Achmad Sukarsono, Jakarta – East Timor's president, who has asked Indonesia's human rights court not to single out scapegoats for killings during the territory's 1999 independence vote, is neither upset nor angry with the court verdicts so far.

However, Xanana Gusmao's spokesman and chief of staff Agio Pereira told Reuters on Friday that Indonesia needed to show it could deliver justice.

The court this week acquitted six Indonesians on charges of crimes against humanity over violence in East Timor, denting hopes the government was serious about accounting for the bloodshed.

"This court is seen as Indonesia's way of solving things without going to an international court so it really needs to prove it can do its job," Pereira said by telephone from East Timor's capital Dili.

In a letter read out in court last month, Gusmao said East Timorese and Indonesians must live up to the same moral standards when analysing sensitive matters such as human rights violations.

When asked whether Gusmao was upset or angry with the rulings so far, Pereira answered: "No."

But it was not immediately evident the decision would have any major impact on US moves toward rebuilding military ties largely severed after the mayhem that surrounded East Timor's vote to end 24 years of Jakarta rule.

Scapegoat

Some East Timorese said they believed ex-governor Abilio Soares, a native of East Timor, was being made a scapegoat while Indonesia was letting others go free.

Soares was sentenced to three years in jail while an ex-police chief, four mid-ranking police officers and another policemen – all native Indonesians – were acquitted. All seven were charged with crimes against humanity.

"It's not fair to put all human rights violations on Abilio's shoulders. Abilio has just become the scapegoat," Dili newspaper Suara Timor Lorosae quoted Father Jovito do Rego Araujo, deputy of East Timor's truth and reconciliation commission, as saying.

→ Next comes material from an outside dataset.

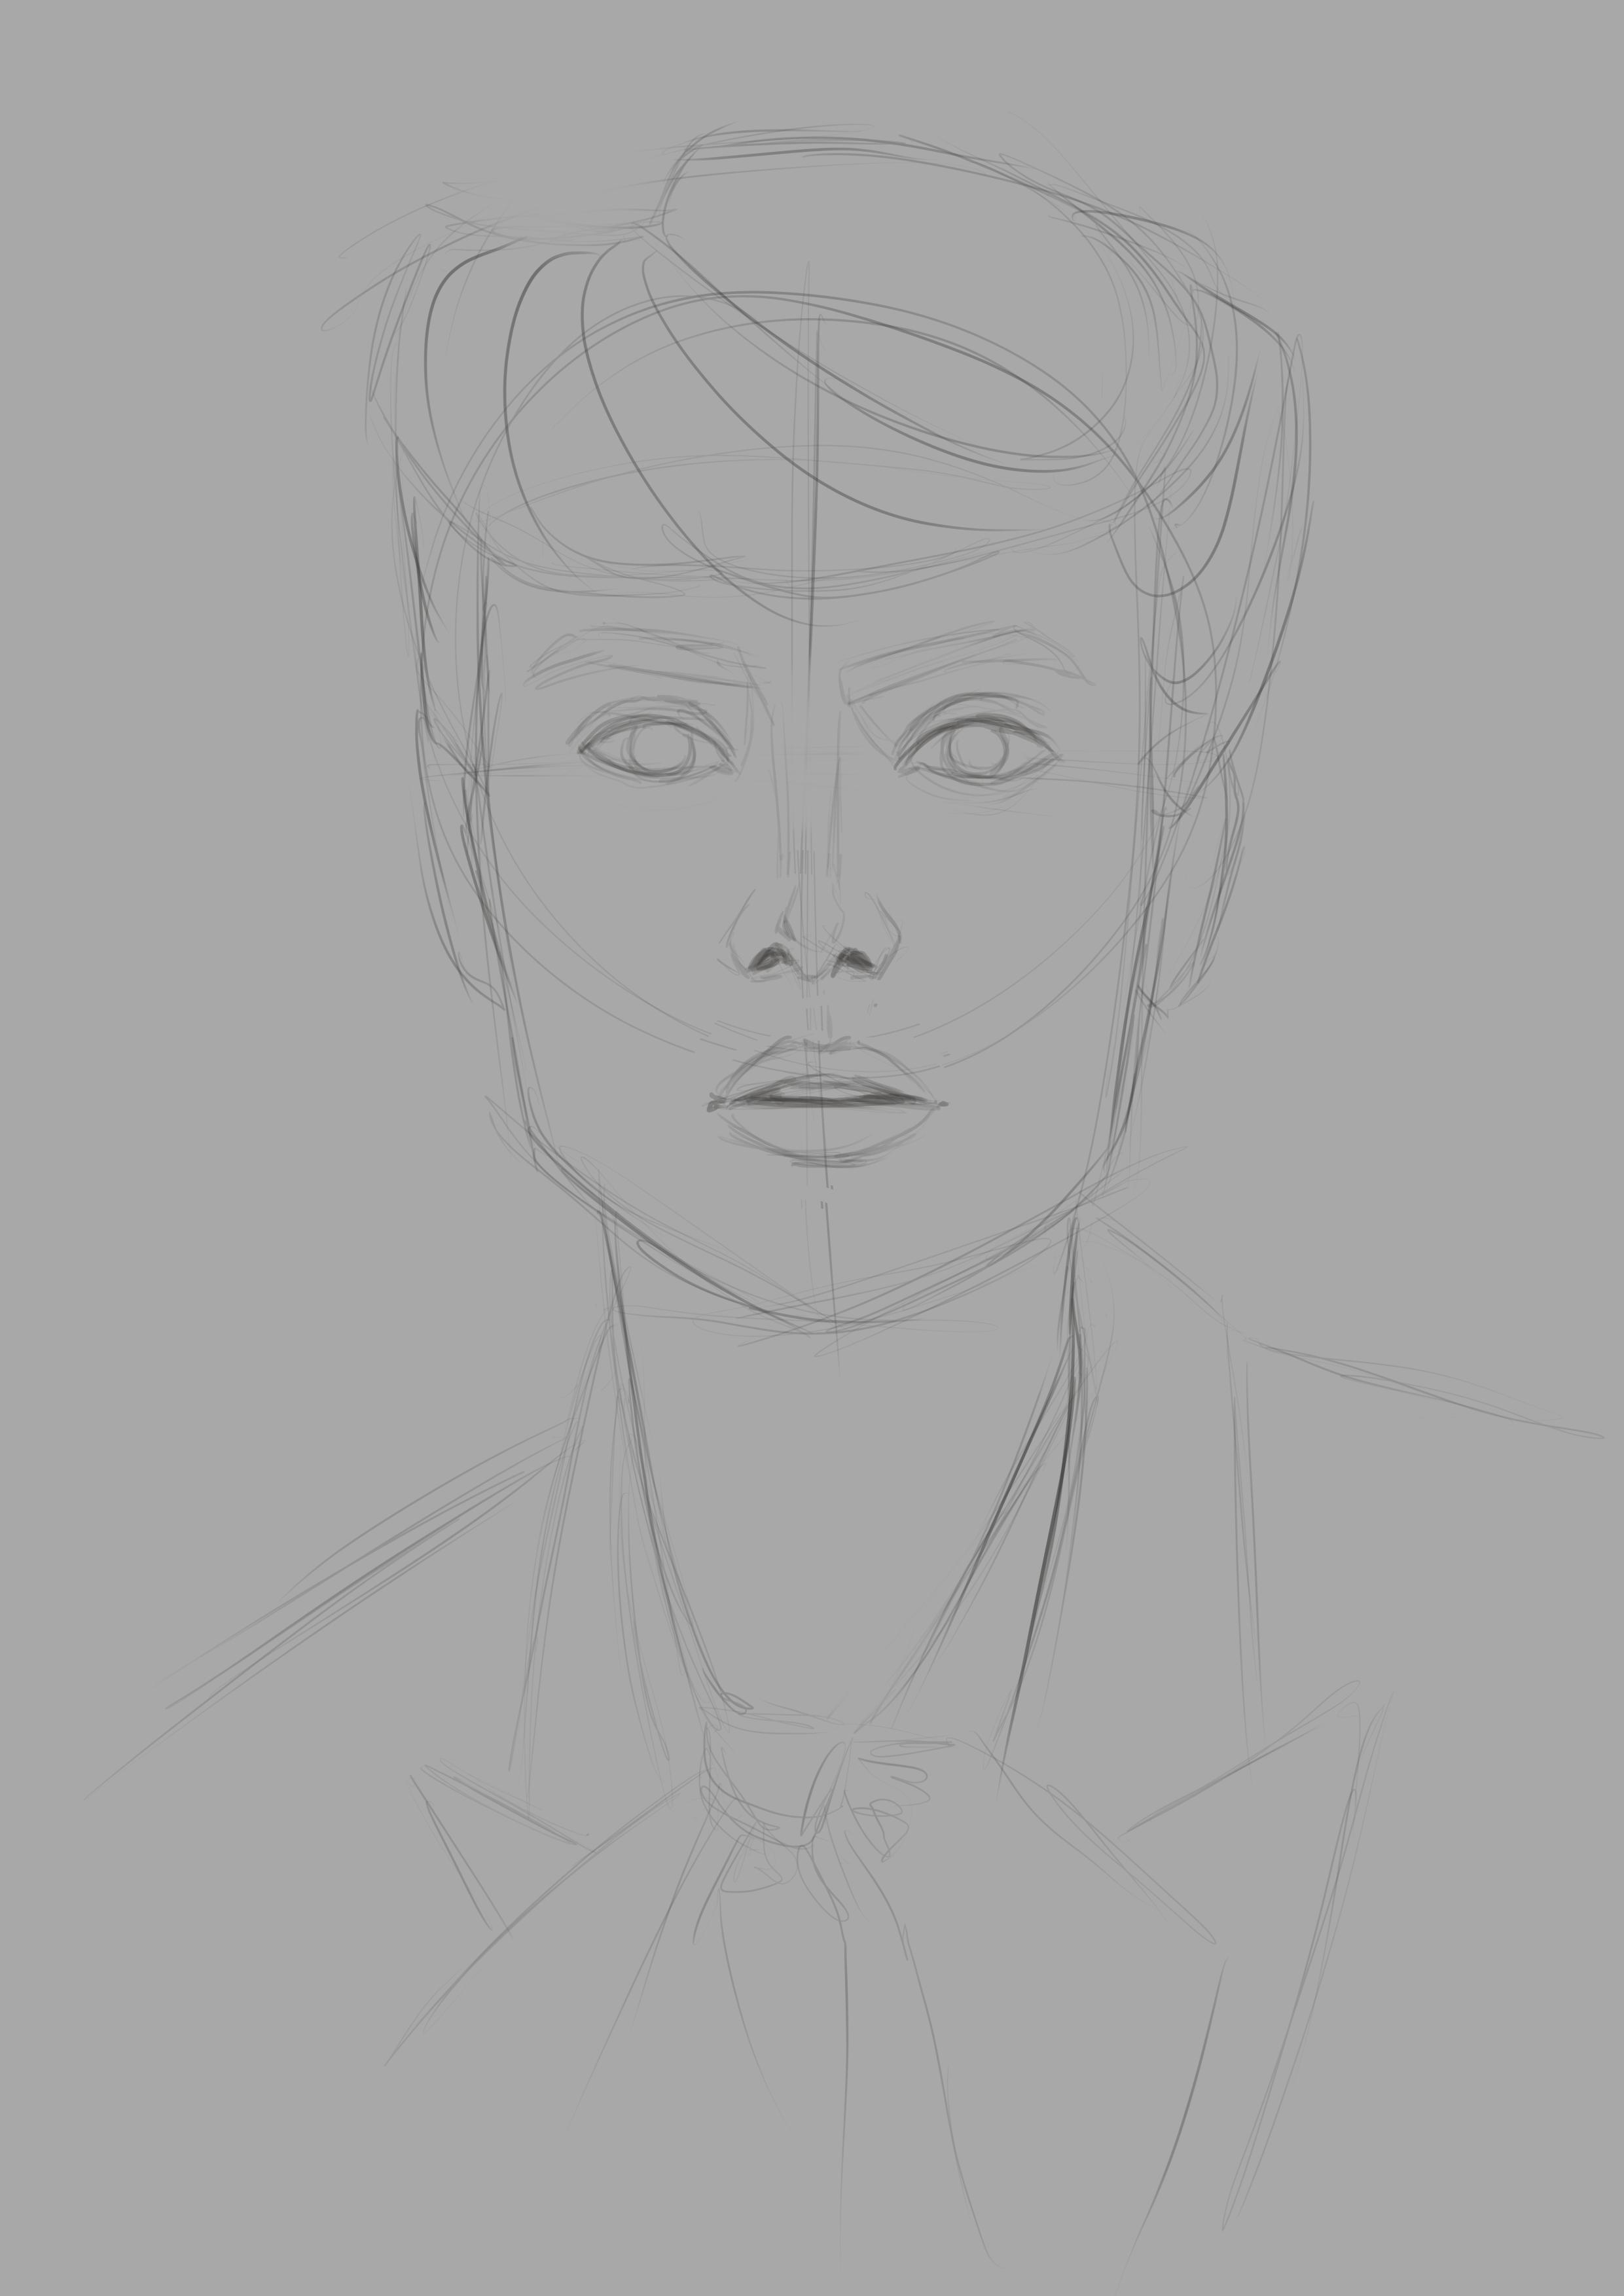 Sketch done in Clip Studio Paint Ex

The verdict against Soares has also been seen as lip-service to appease nations that nudged Jakarta to act over the violence the United Nations said killed more than 1,000, and which was largely blamed on pro-Jakarta militia backed by elements of Indonesia's military.

"The bottom line is they're sacrificing the civilians in order ... so that there's no loophole and possibility of an international tribunal," Johnson Panjaitan, deputy of the Indonesian Legal Aid and Human Rights Association, told Reuters.

US studying verdicts

Among the things at stake for Indonesia over the trials are improved military ties with the United States, largely severed in the wake of the violence. But comments from US officials on the latest developments have thus far been relatively restrained.

White House spokeswoman Claire Buchan said: "Without commenting on specifics of that case, we generally applaud the Indonesian government for holding accountable the government officials and the military officials for activities in East Timor," she told reporters.

State Department spokesman Philip Reeker said: "We certainly urge the Indonesian government to redouble its efforts to mount credible prosecutions to bring perpetrators of atrocities in East Timor to justice."